- Problem statement -
Images should not appear in the copy, yet every line of the listing below must be printed exactly.

- Data below -

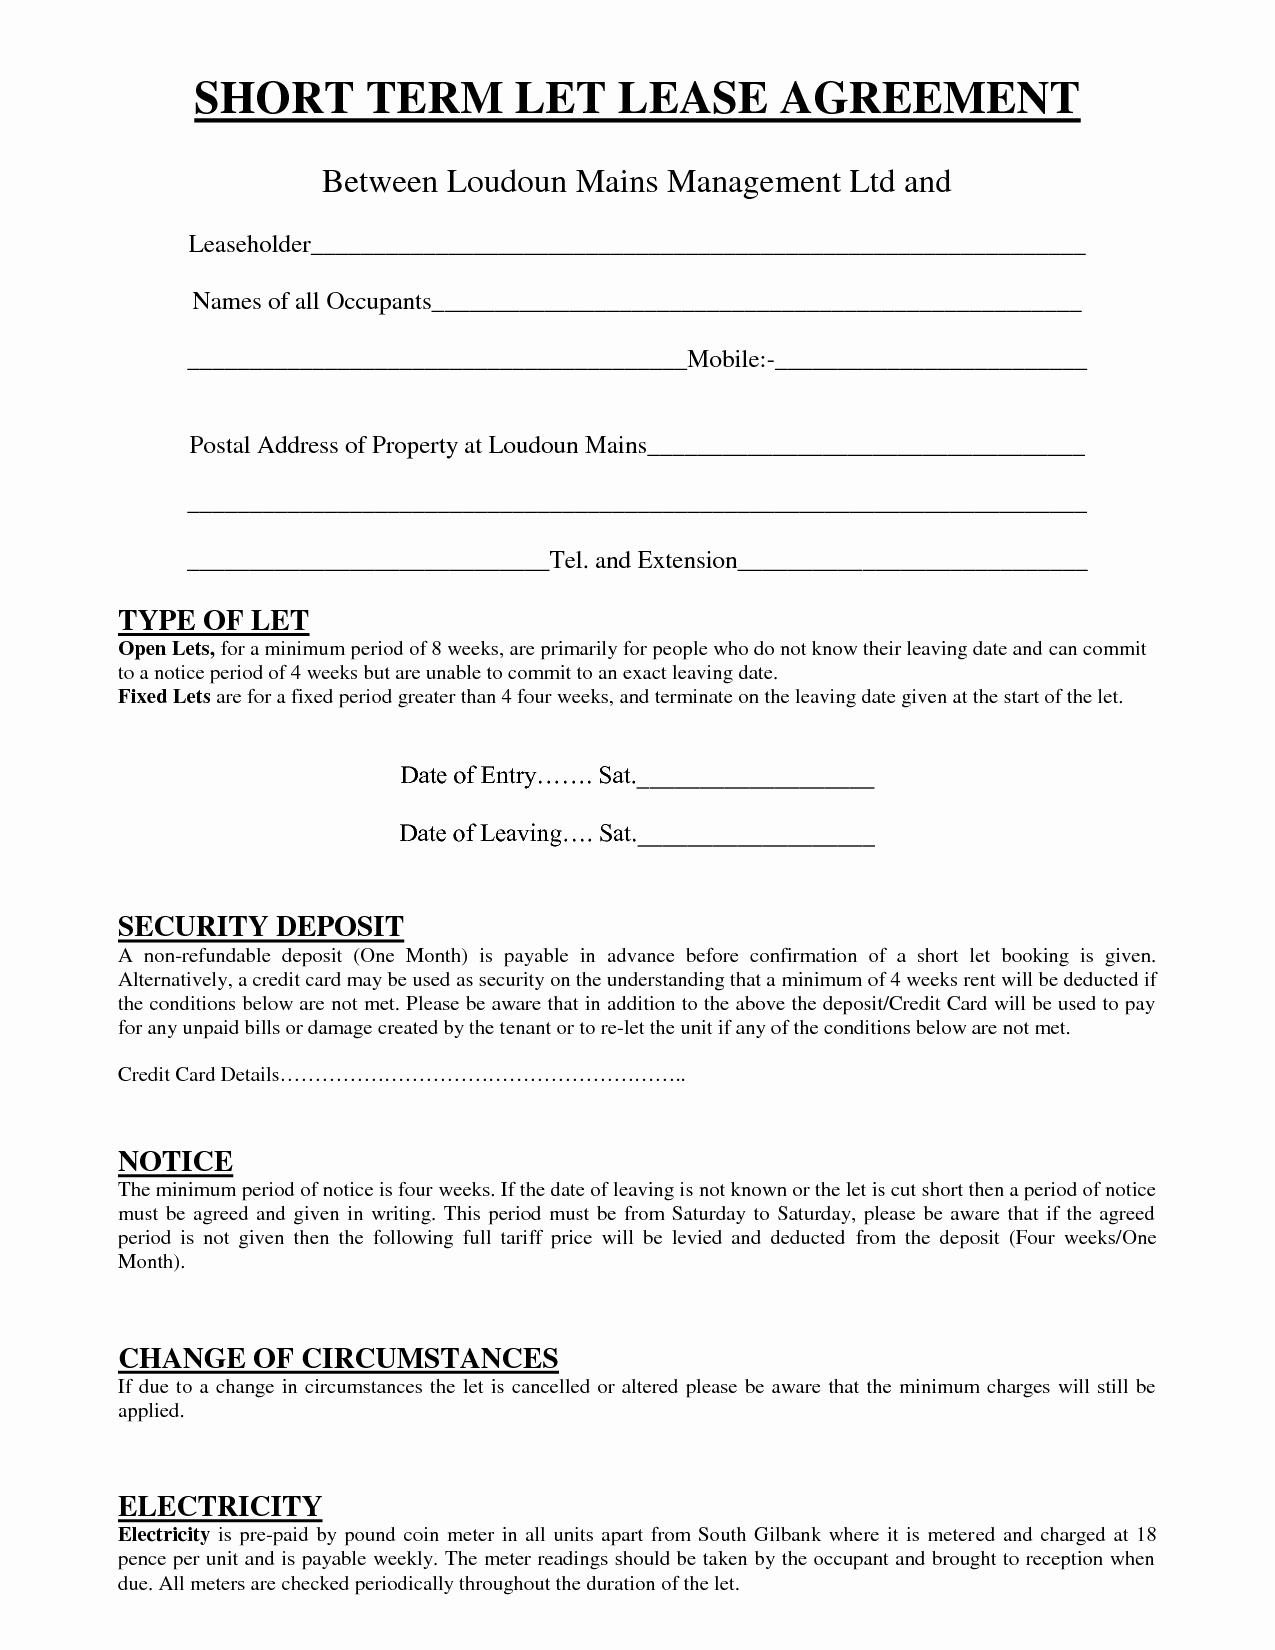 Short Term Rental Agreement Template Unique Short Term Rental Lease Agreement
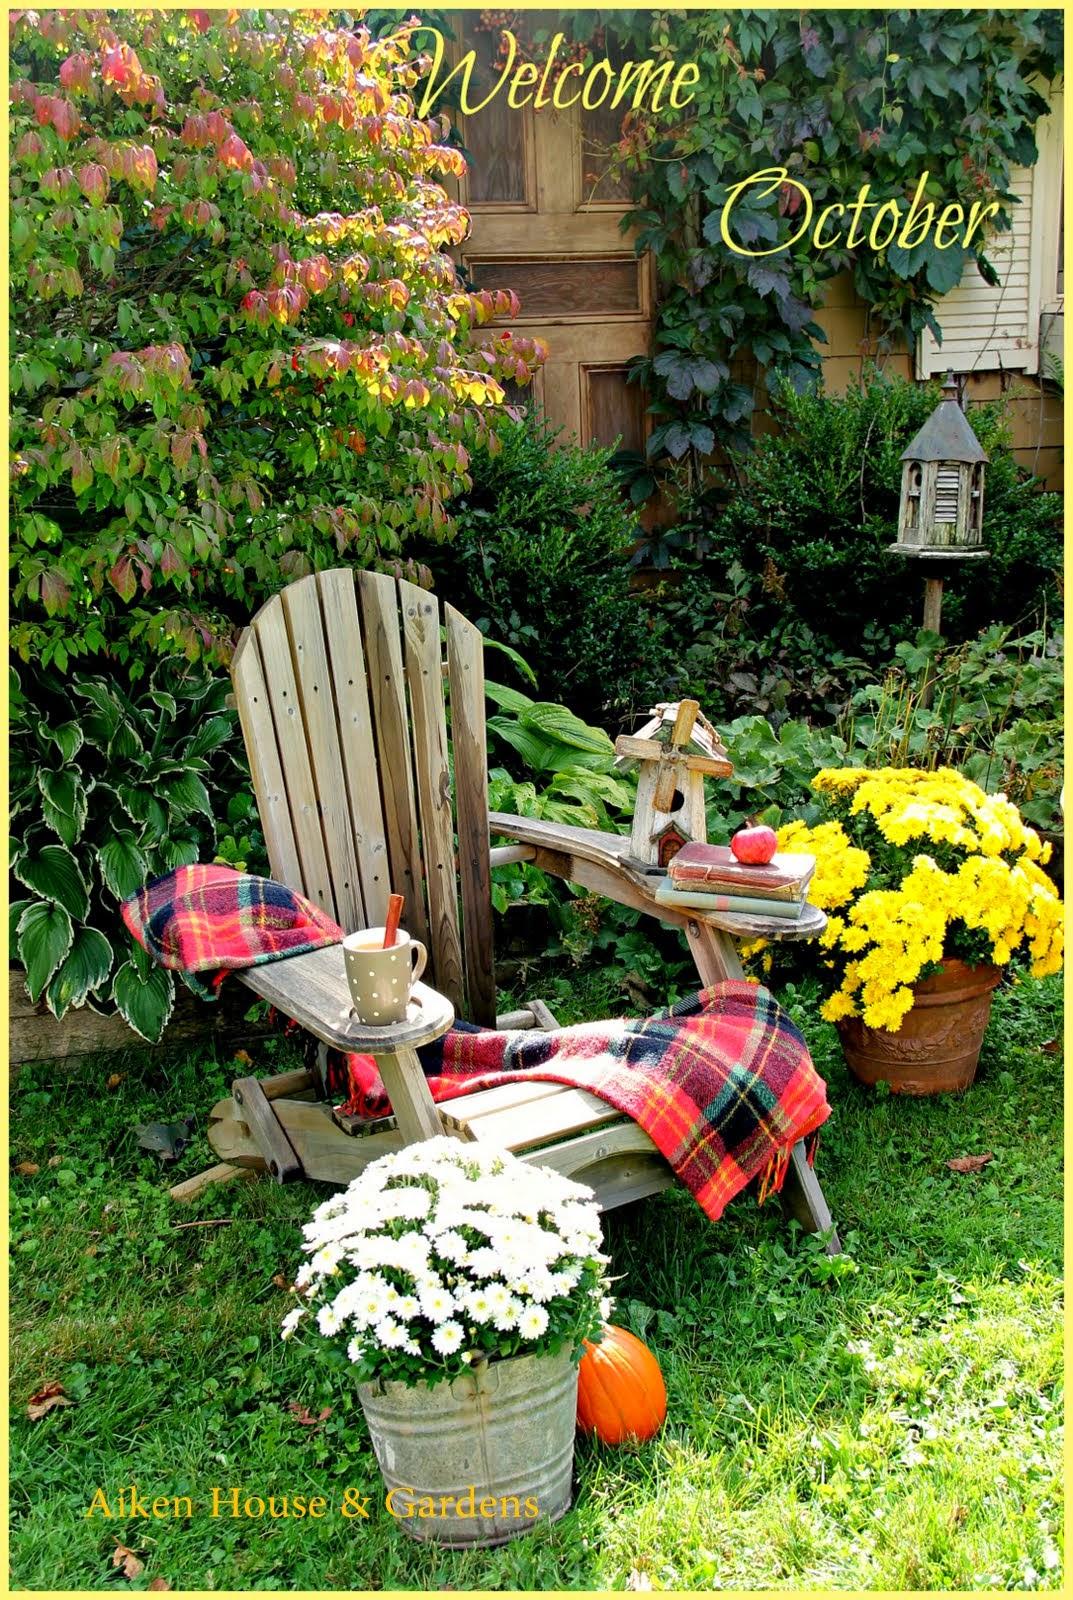 Aiken house gardens welcome october for Aiken house
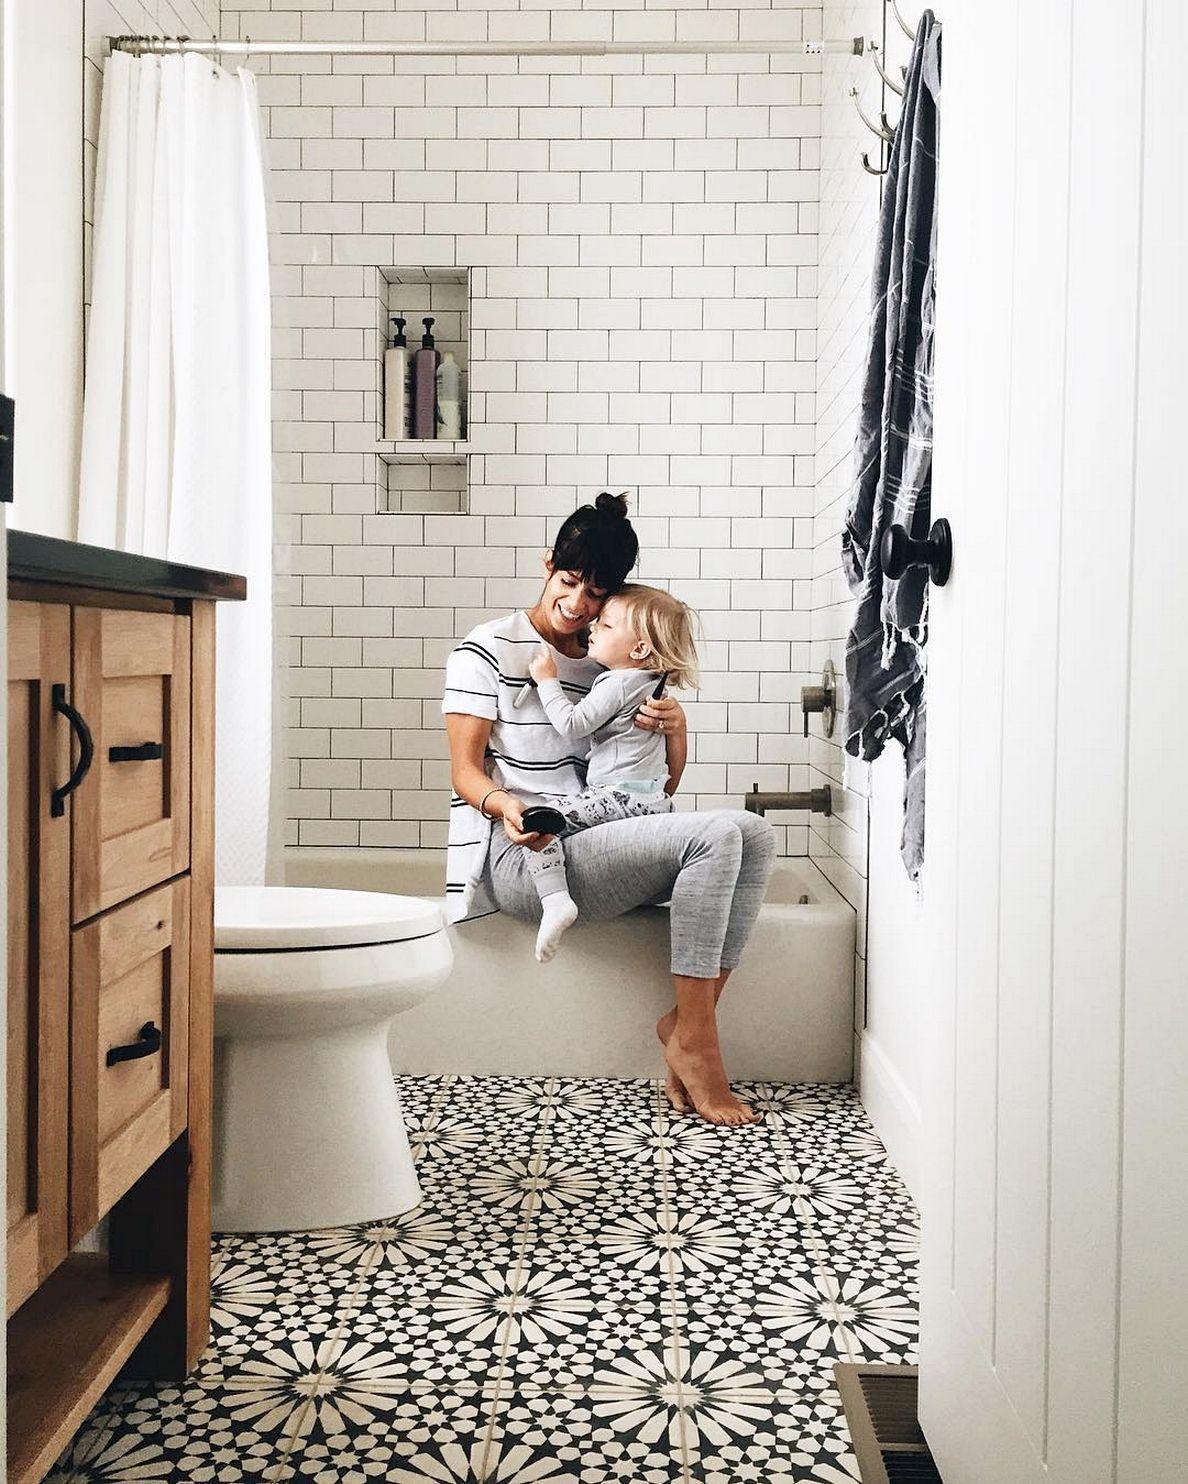 75 bathroom tiles ideas for small bathrooms tile ideas bathroom 75 bathroom tiles ideas for small bathrooms
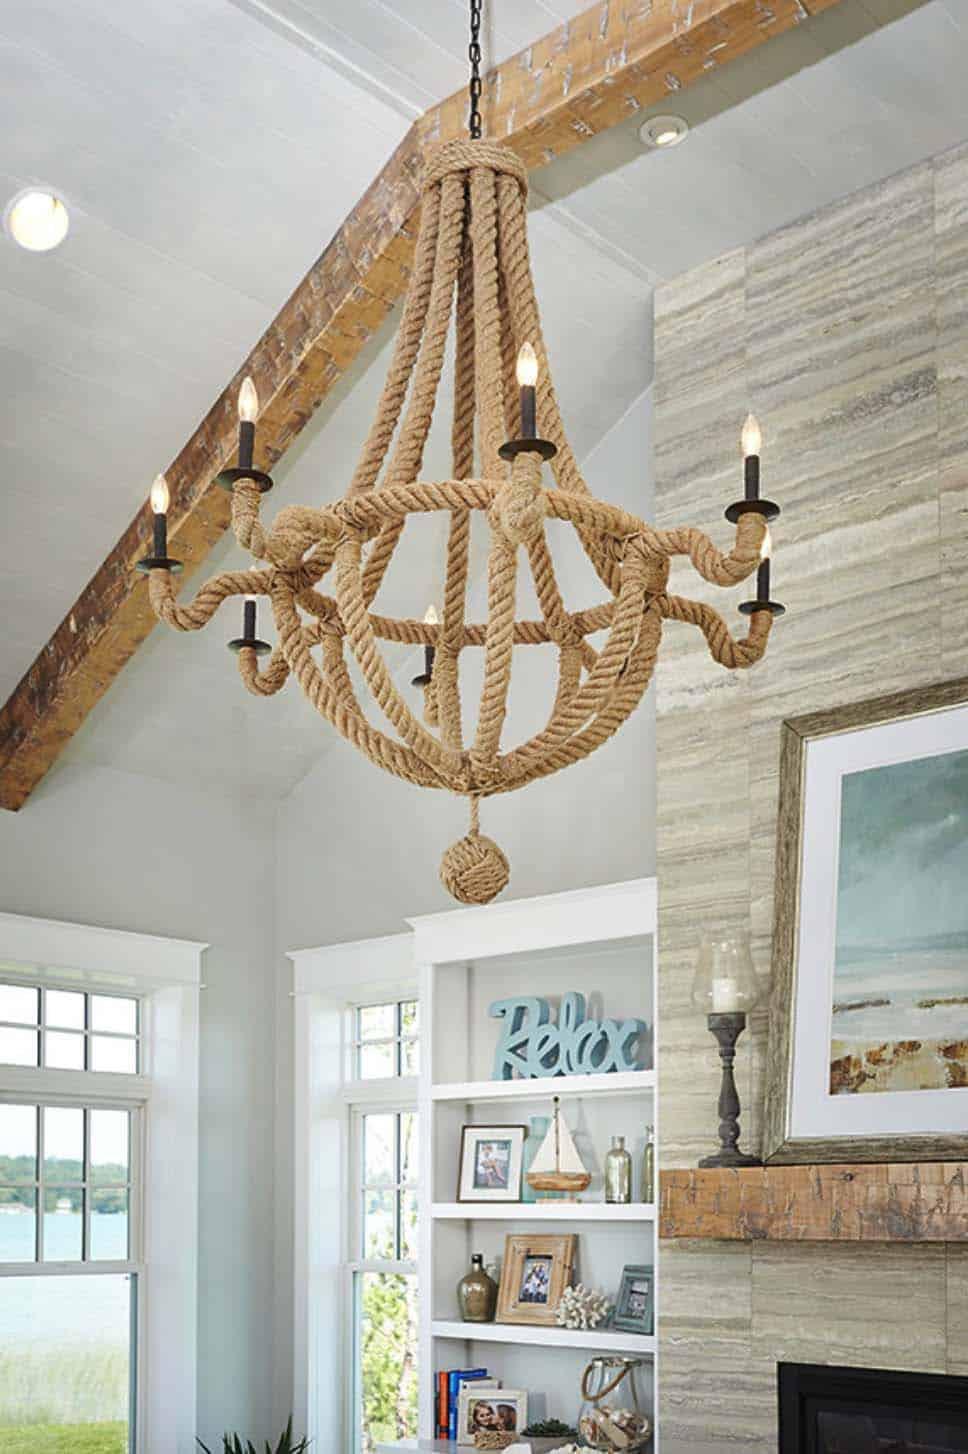 Cottage familial de style plage-Villa Decor-13-1 Kindesign

- Task result -
 Short Term Rental Agreement Template Unique Short Term Rental Lease Agreement
 Aiken house gardens welcome october for Aiken house
 75 bathroom tiles ideas for small bathrooms tile ideas bathroom 75 bathroom tiles ideas for small bathrooms
 Cottage familial de style plage-Villa Decor-13-1 Kindesign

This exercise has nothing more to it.